Director: Dennis Dugan, Screenwriter: Allan Loeb, Timothy Dowling, Starring: Adam Sandler, Jennifer Aniston, Nicole Kidman, Brooklyn Decker, Bailee Madison, Running time: 110 mins.
Throughout his career Adam Sandler has gotten away with some very bad behaviour thanks to his boyish charm. He makes a point of it in his latest comedy as Danny, a philandering plastic surgeon caught in his own elaborate web of deceit. His aim is to woo swimsuit model Brooklyn Decker (aka Mrs Andy Roddick), but it’s Jennifer Aniston as his homely assistant who represents his true match. She seems better equipped to tolerate the ridiculous plotting, juvenile temper and endless pooh jokes, but anyone else over 15 years old may find that patience wears thin.
You can measure the broadness of the comedy as proportionate to the huge prosthetic nose that Sandler wears at the start. Somehow, his bride-to-be fails to spot it as he peers around a door on the morning of the wedding and overhears her mocking him. After breaking it off (the wedding and the nose), Danny discovers that the wedding ring has another use, as a chick magnet. Unfortunately for Danny, it has the opposite effect on his latest crush Palmer (Decker) who refuses to date a married man. Rather than confess his pick-up technique, he announces his divorce and asks long-suffering assistant Katherine (Aniston) to pose as the ball and chain.
It is a ludicrous series of events that eventually has Danny, Palmer, Katherine and her kids (now, ostensibly Danny’s own children) flying off to Hawaii for a group bonding session. Sandler’s comedy crony Nick Swardson also blags himself a ticket posing as Katherine’s geeky Swedish lover Dolph Lundgren (nobody mention Rocky…) and convinces Palmer that he’s a sheep farmer, setting up an episode where he must give mouth-to-mouth to said animal. Alas the gag, like the patient, is woolly and lifeless. Apparently, Sandler is happy to let Swardson do most of the grunt work, though he does get his own cheap laughs by abusing Katherine’s children.

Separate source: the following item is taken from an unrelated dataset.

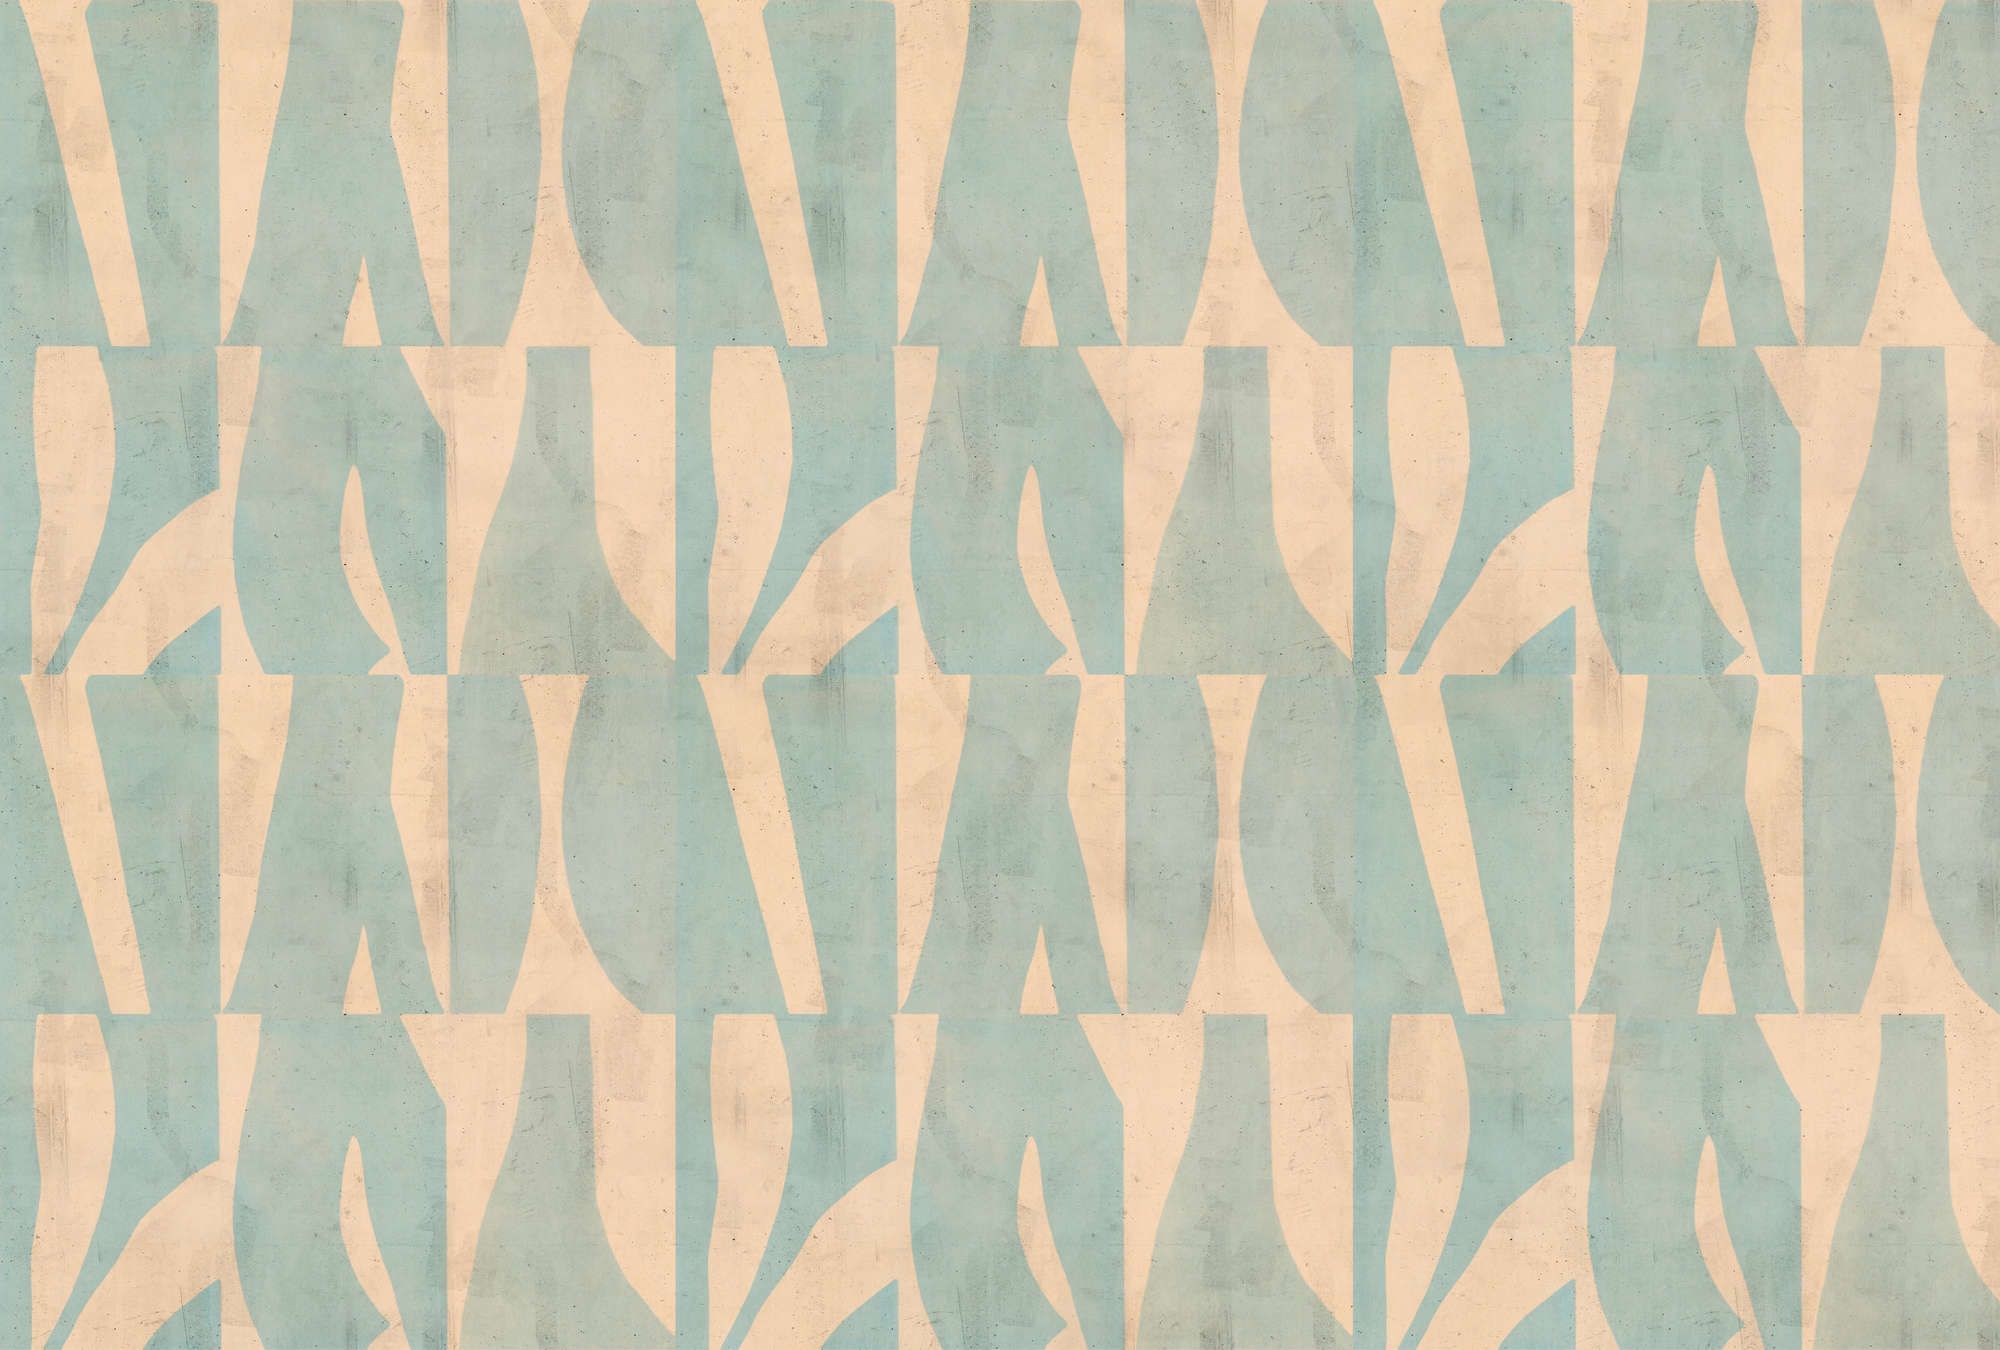             Digital behang »laila« - Grafisch patroon op betonpleistertextuur - Beige, mintgroen | Glad, licht glanzend premium vliesmateriaal

Of course Sandler gets away with knocking around the kids because, being so childlike himself, it seems like fair play. Admittedly, he has a genuine rapport with children (in this case Bailee Madison and Griffin Gluck), which easily outshines his chemistry with Aniston. Scenes where they negotiate the terms of the agreement to pose as his offspring and later, posing for family photos, are the funniest of the film. Aniston comes across more as a mother than a potential lover, frowning at Sandler’s exploits whilst gently showing him the error of his ways. It’s refreshing to see her play a character with minimal neuroses, but she’s given few chances to be funny.
Meanwhile, Nicole Kidman is given licence to go completely OTT as Katherine’s smarmy college pal Devlin. She happens to be staying at the same resort with her high-flying husband (Dave Matthews), tempting Katherine to spin her own yarn of wedded bliss. With so many lies to keep track of, the comedic possibilities should be endless, but instead there are more pratfalls and pooh jokes. A Hawaiian dance-off between Kidman and Aniston should break the monotony, but instead becomes a showcase for more bodily dysfunction. By this stage, director Dennis Dugan has lost the rhythm as well, dragging the story out with unremarkable twists. You may root for Sandler and Aniston to just ‘go with it’, but only so you can be done with it.